Is there anyway to make this R code more efficient?
Question
I'm applying a fertility model and to execute I need to save matrices for each childbearing intensity, which I called mati , according to its order. In this case, i=(1, 2, 3,...n) The data frame bellow is an example of how my data is displayed. My real dataframe have 525 rows and 10 columns ( "AGE" "year" "mat1" "mat2" "mat3" "mat4" "mat5" "mat6" "mat7" "mat8" ).
year <- c(rep(1998:2001, 4))
Age <- c(rep(15:18, 4))
mat1 <- c(rep(0.01, 16))
mat2 <- c(rep(0.012, 16))
mat3 <- c(rep(0.015, 16))
mat <- data.frame(year, Age, mat1, mat2, mat3)
mat
year Age mat1 mat2 mat3
1 1998 15 0.01 0.012 0.015
2 1999 16 0.01 0.012 0.015
3 2000 17 0.01 0.012 0.015
4 2001 18 0.01 0.012 0.015
5 1998 15 0.01 0.012 0.015
6 1999 16 0.01 0.012 0.015
7 2000 17 0.01 0.012 0.015
8 2001 18 0.01 0.012 0.015
9 1998 15 0.01 0.012 0.015
10 1999 16 0.01 0.012 0.015
11 2000 17 0.01 0.012 0.015
12 2001 18 0.01 0.012 0.015
13 1998 15 0.01 0.012 0.015
14 1999 16 0.01 0.012 0.015
15 2000 17 0.01 0.012 0.015
16 2001 18 0.01 0.012 0.015
To execute get my final numeric matrices I already executed the code below, but it takes a long time.
##mat1###
library(dlyr)
library(tidyr)
mat1 <- #selecting just intensities of order 1 and creating matrices
select(mat, Age, year, mat1) %>%
spread(year, mat1)
names(mat1)[c(2:6)] <- paste0("year ", names(mat1[2:6])) #alter colnames
mat1[ ,1] <- paste0("age ", mat1[,1]) #alter the row from column "age"
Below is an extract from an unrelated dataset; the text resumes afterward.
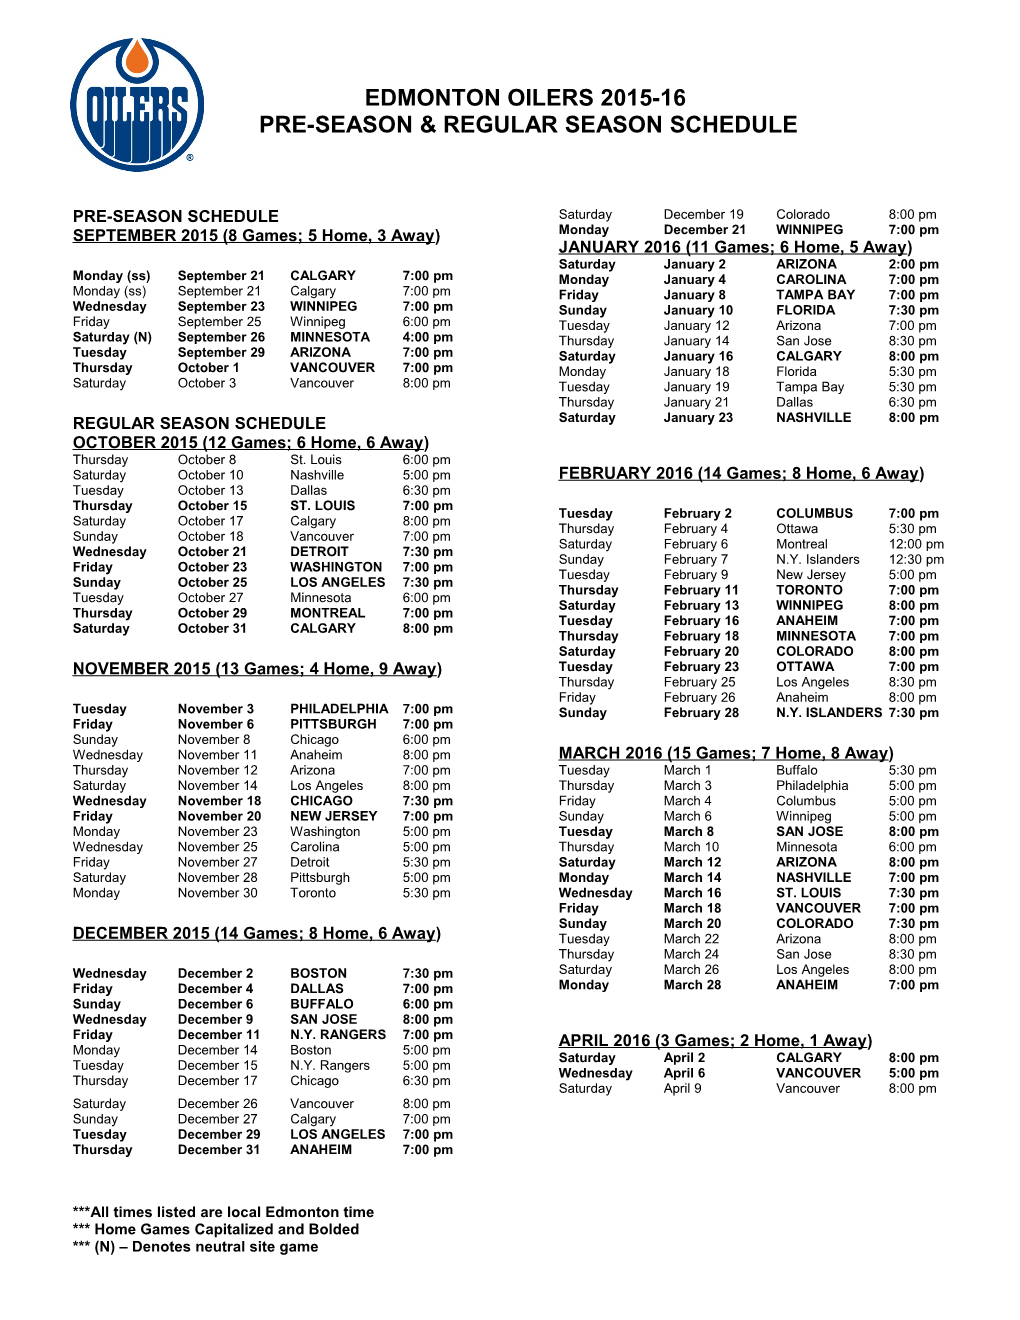 Edmonton Oilers 2001-02 Nhl Schedule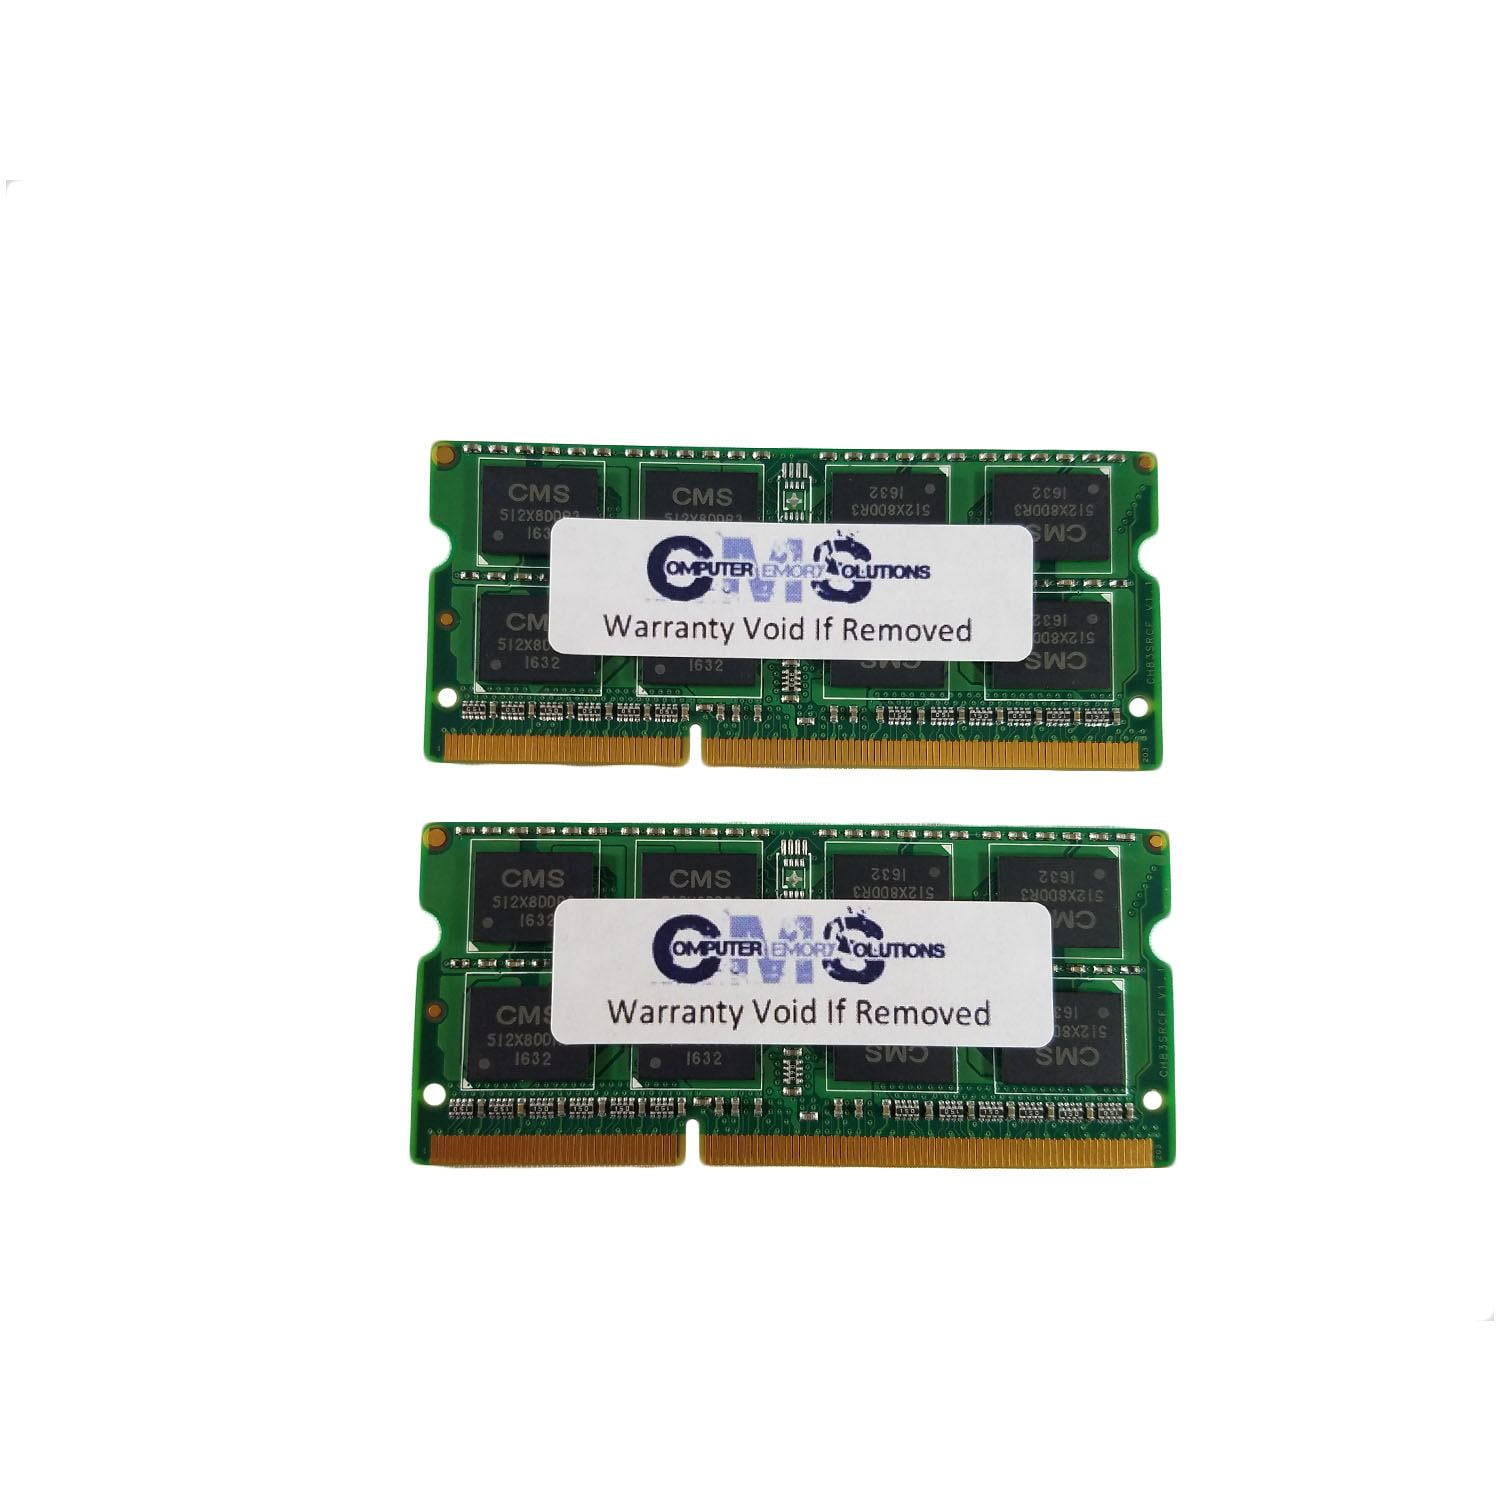 DDR3 1600MHz SODIMM PC3-12800 204-Pin Non-ECC Memory Upgrade Kit RAM for Alienware Alpha ASM100-7980 2 x 8GB A-Tech 16GB

mat_oe1 <- data.matrix(mat1[2:6])
dimnames(mat_oe1) <- list(c(mat1[,1]),
c(names(mat1[2:6])))
#Saving as txt to read i the model
write.table(mat_oe2, file = "mat_oe1.txt", sep = "\t",
row.names = T, col.names = T)
##mat2
mat2 <- #selecting just intensities of order 1 and creating matrices
select(mat, Age, year, mat2) %>%
spread(year, mat2)
names(mat2)[c(2:6)] <- paste0("year ", names(mat2[2:6])) #alter colnames
mat2[ ,1] <- paste0("age ", mat2[,1]) #alter the row from column "age"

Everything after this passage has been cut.